After myocardial infarction, neutrophils rapidly and massively infiltrate the heart, where they promote both tissue healing and damage.

To characterize the dynamics of circulating and cardiac neutrophil diversity after infarction.

We employed single-cell transcriptomics combined with cell surface epitope detection by sequencing to investigate temporal neutrophil diversity in the blood and heart after murine myocardial infarction. At day 1, 3, and 5 after infarction, cardiac Ly6G⁺ (lymphocyte antigen 6G) neutrophils could be delineated into 6 distinct clusters with specific time-dependent patterning and proportions. At day 1, neutrophils were characterized by a gene expression profile proximal to bone marrow neutrophils (Cd177, Lcn2, Fpr1), and putative activity of transcriptional regulators involved in hypoxic response (Hif1a) and emergency granulopoiesis (Cebpb).
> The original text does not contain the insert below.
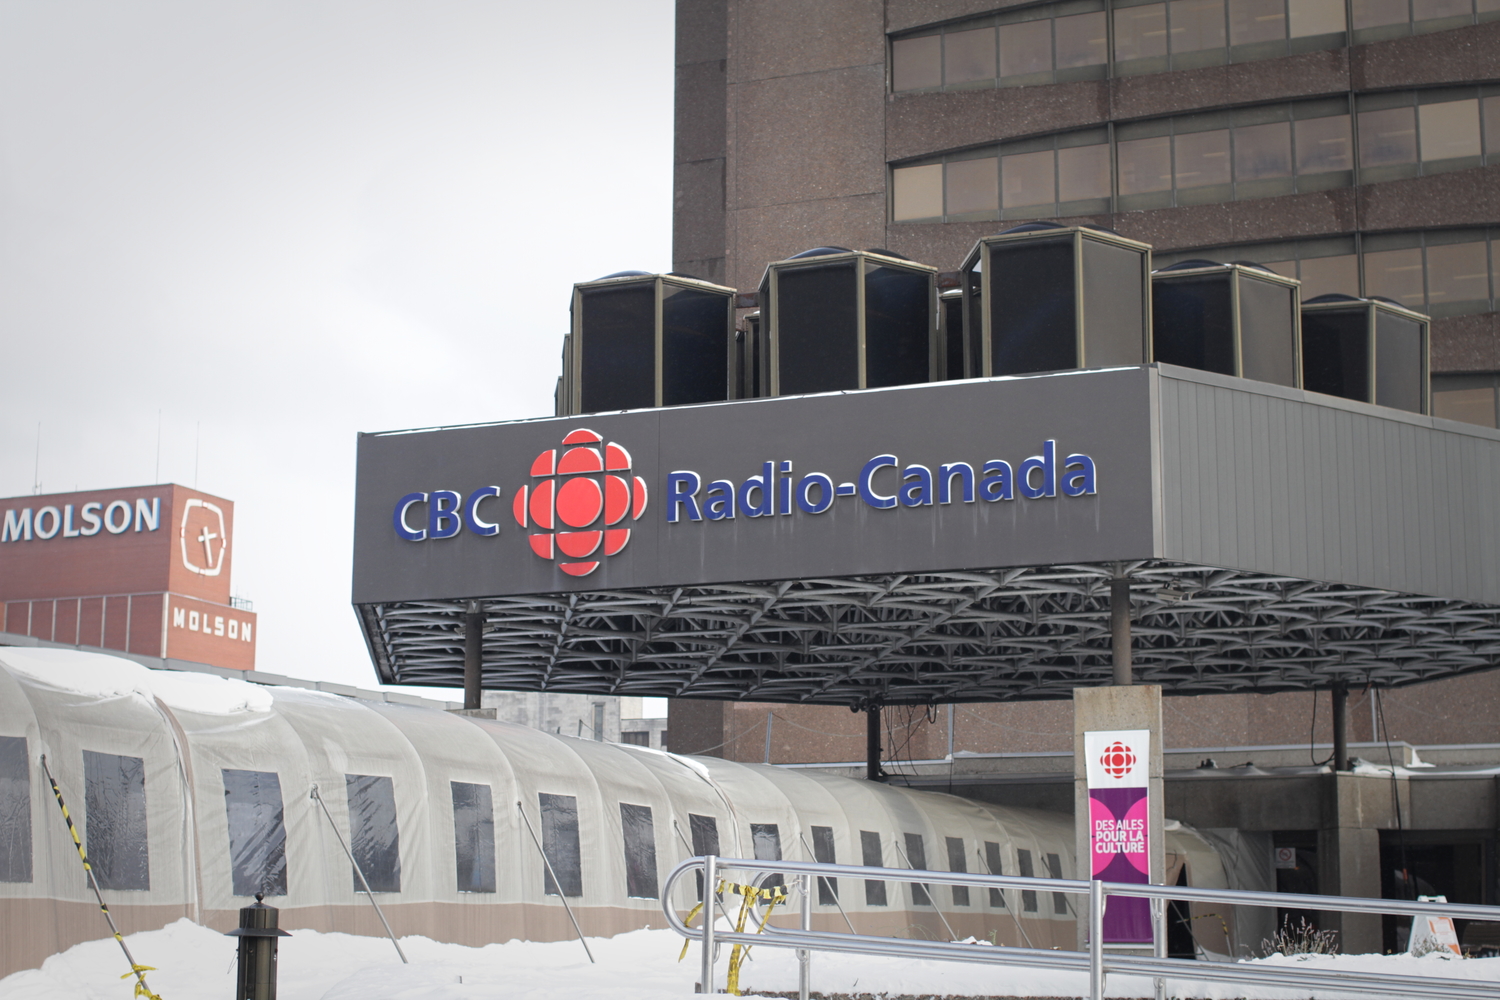 L’entrée du bâtiment qui héberge Radio Canada et CBC (radio et TV anglophone).

At 3 and 5 days, 2 major subsets of Siglecf^hi (enriched for eg, Icam1 and Tnf) and Siglecf^low (Slpi, Ifitm1) neutrophils were found. Cellular indexing of transcriptomes and epitopes by sequencing (CITE-seq) analysis in blood and heart revealed that while circulating neutrophils undergo a process of aging characterized by loss of surface CD62L and upregulation of Cxcr4, heart infiltrating neutrophils acquired a unique SiglecF^hi signature. SiglecF^hi neutrophils were absent from the bone marrow and spleen, indicating local acquisition of the SiglecF^hi signature. Reducing the influx of blood neutrophils by anti-Ly6G treatment increased proportions of cardiac SiglecF^hi neutrophils, suggesting accumulation of locally aged neutrophils. Computational analysis of ligand/receptor interactions revealed putative pathways mediating neutrophil to macrophage communication in the myocardium. Finally, SiglecF^hi neutrophils were also found in atherosclerotic vessels, revealing that they arise across distinct contexts of cardiovascular inflammation.

Altogether, our data provide a time-resolved census of neutrophil diversity and gene expression dynamics in the mouse blood and ischemic heart at the single-cell level, and reveal a process of local tissue specification of neutrophils in the ischemic heart characterized by the acquisition of a SiglecF^hi signature.